PROBLEM TO SOLVE: When you reproduce the listing, keep every word as it is and drop the pictures.

DATA EXCERPT:
********************

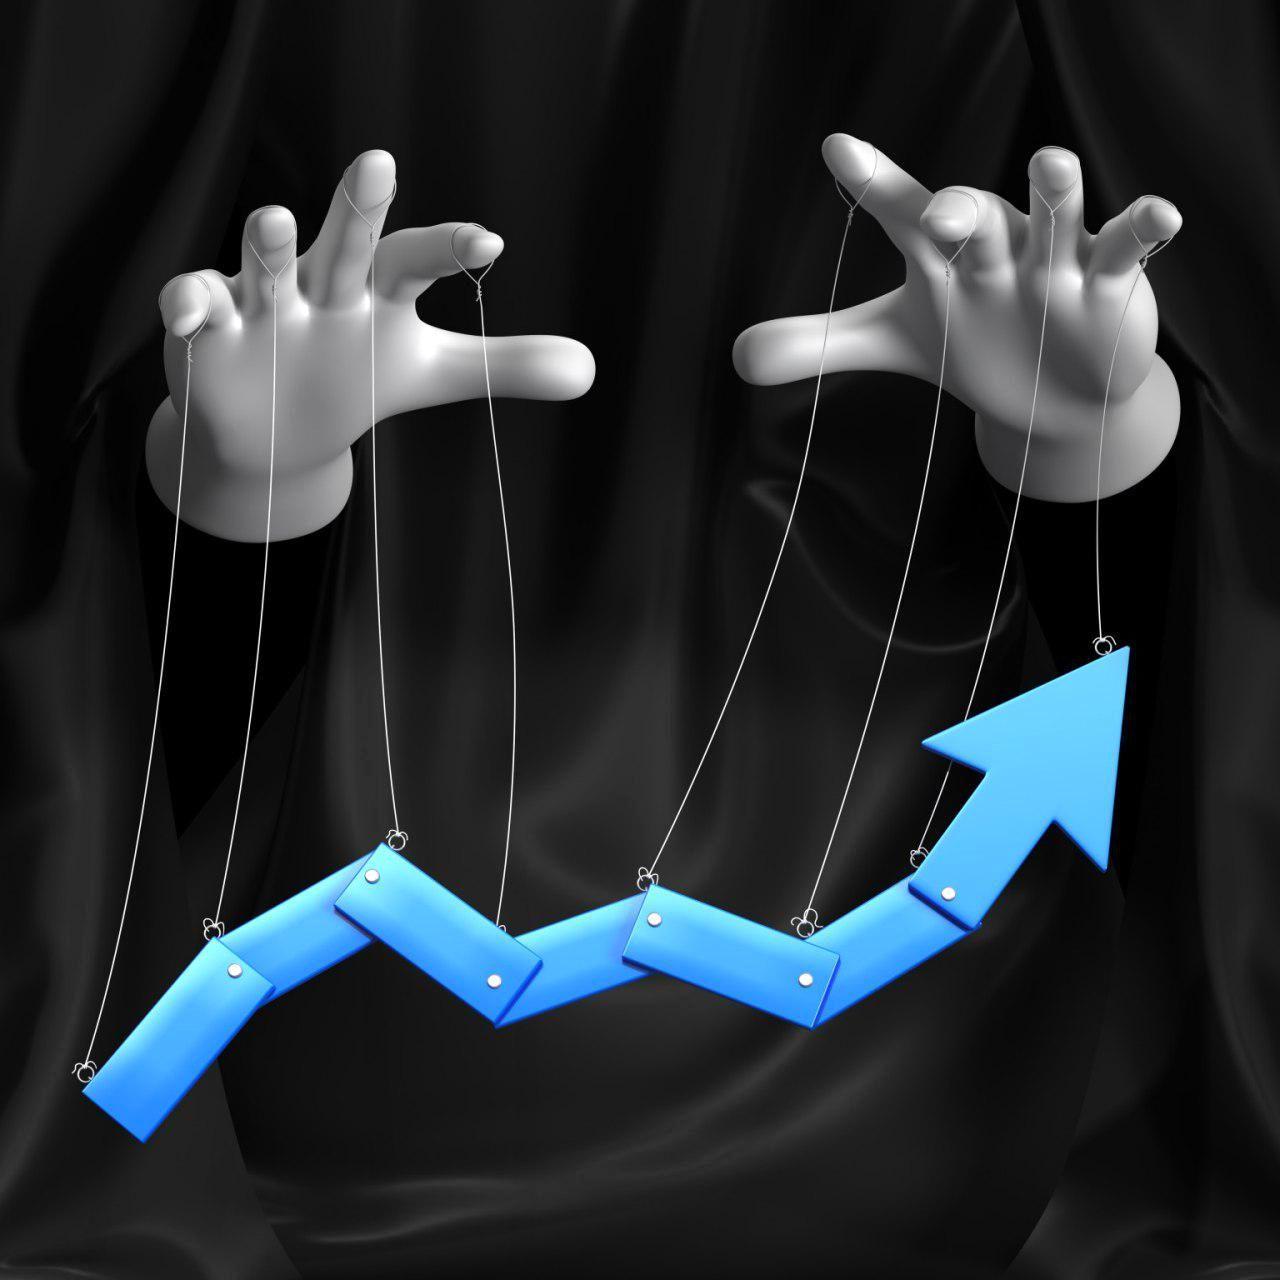 انطباق شاخص بورس با رشد نرخ ارز و تورم در یکسال آتی
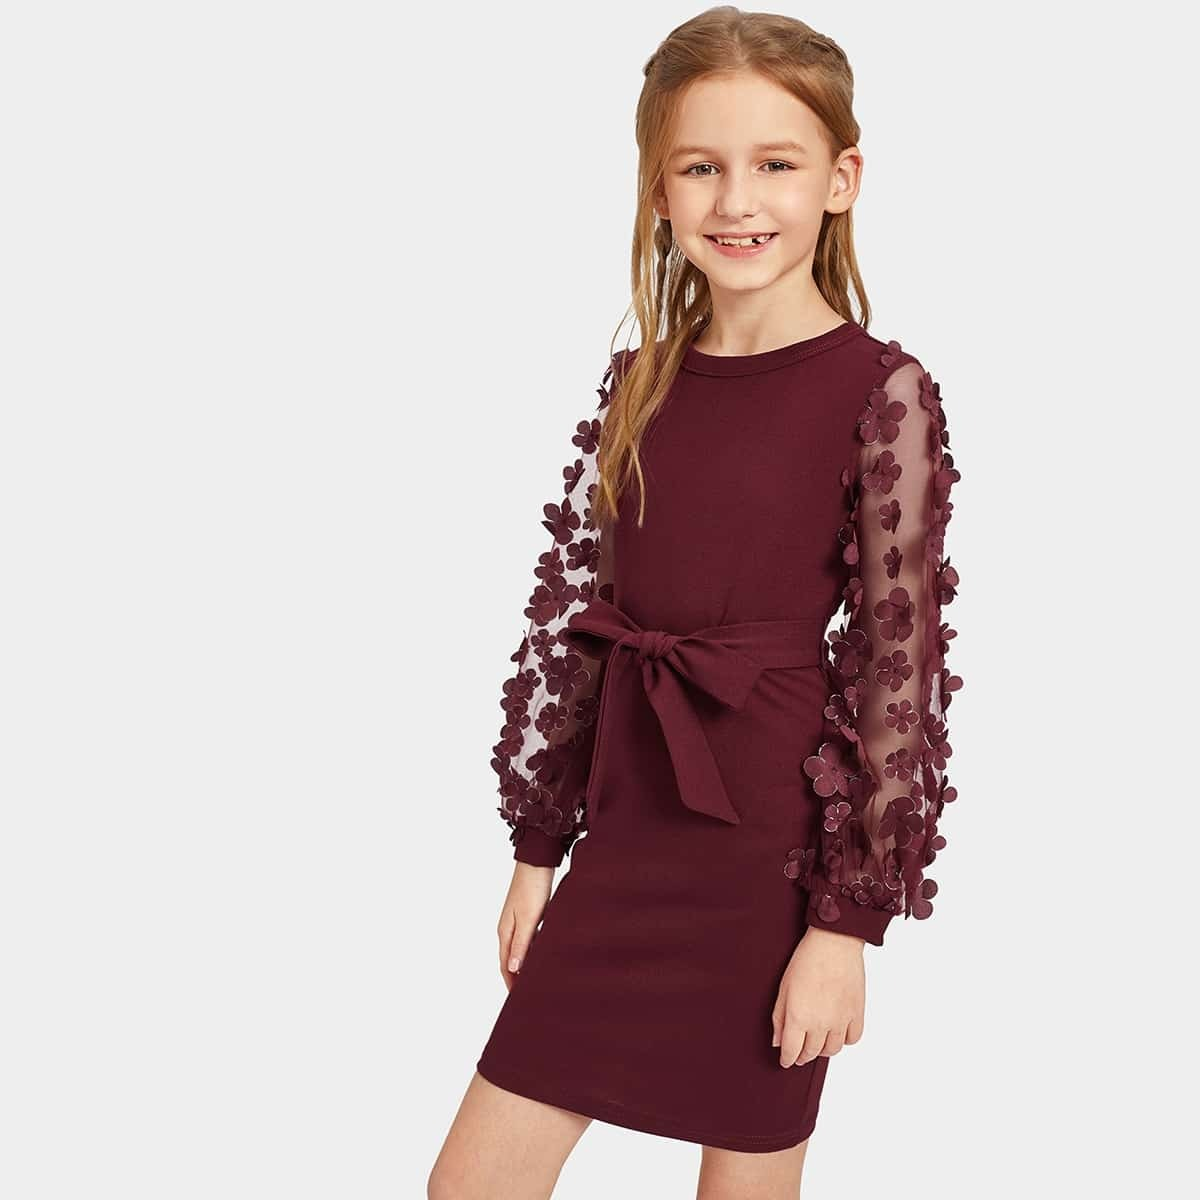 Mädchen Kleid mit Netzstoff, Applikation und Gürtel
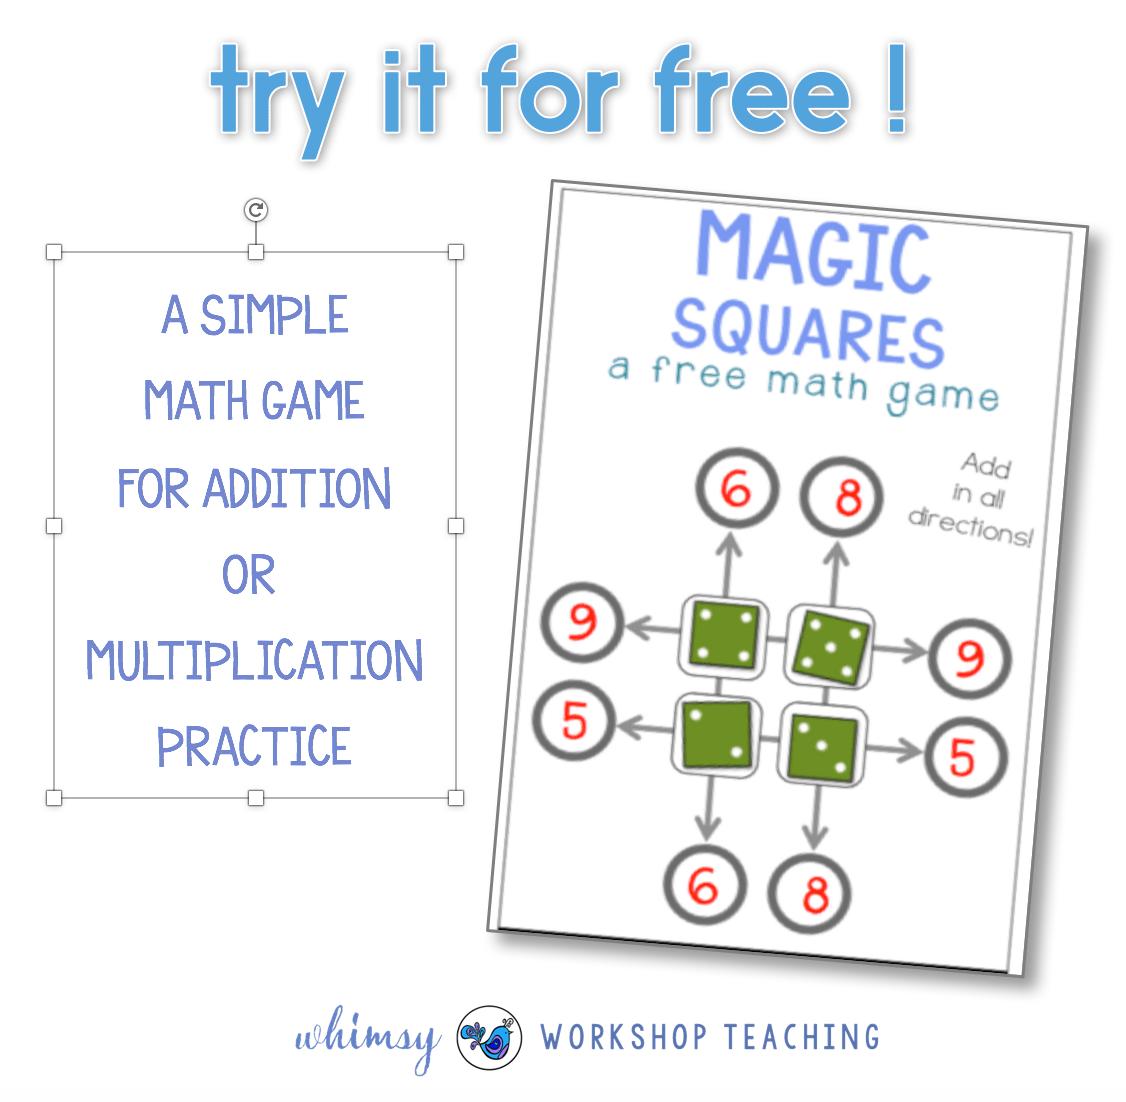 Free Magic Squares Math Game

********************

ANSWER FOR THE TASK:
 انطباق شاخص بورس با رشد نرخ ارز و تورم در یکسال آتی
 Mädchen Kleid mit Netzstoff, Applikation und Gürtel
 Free Magic Squares Math Game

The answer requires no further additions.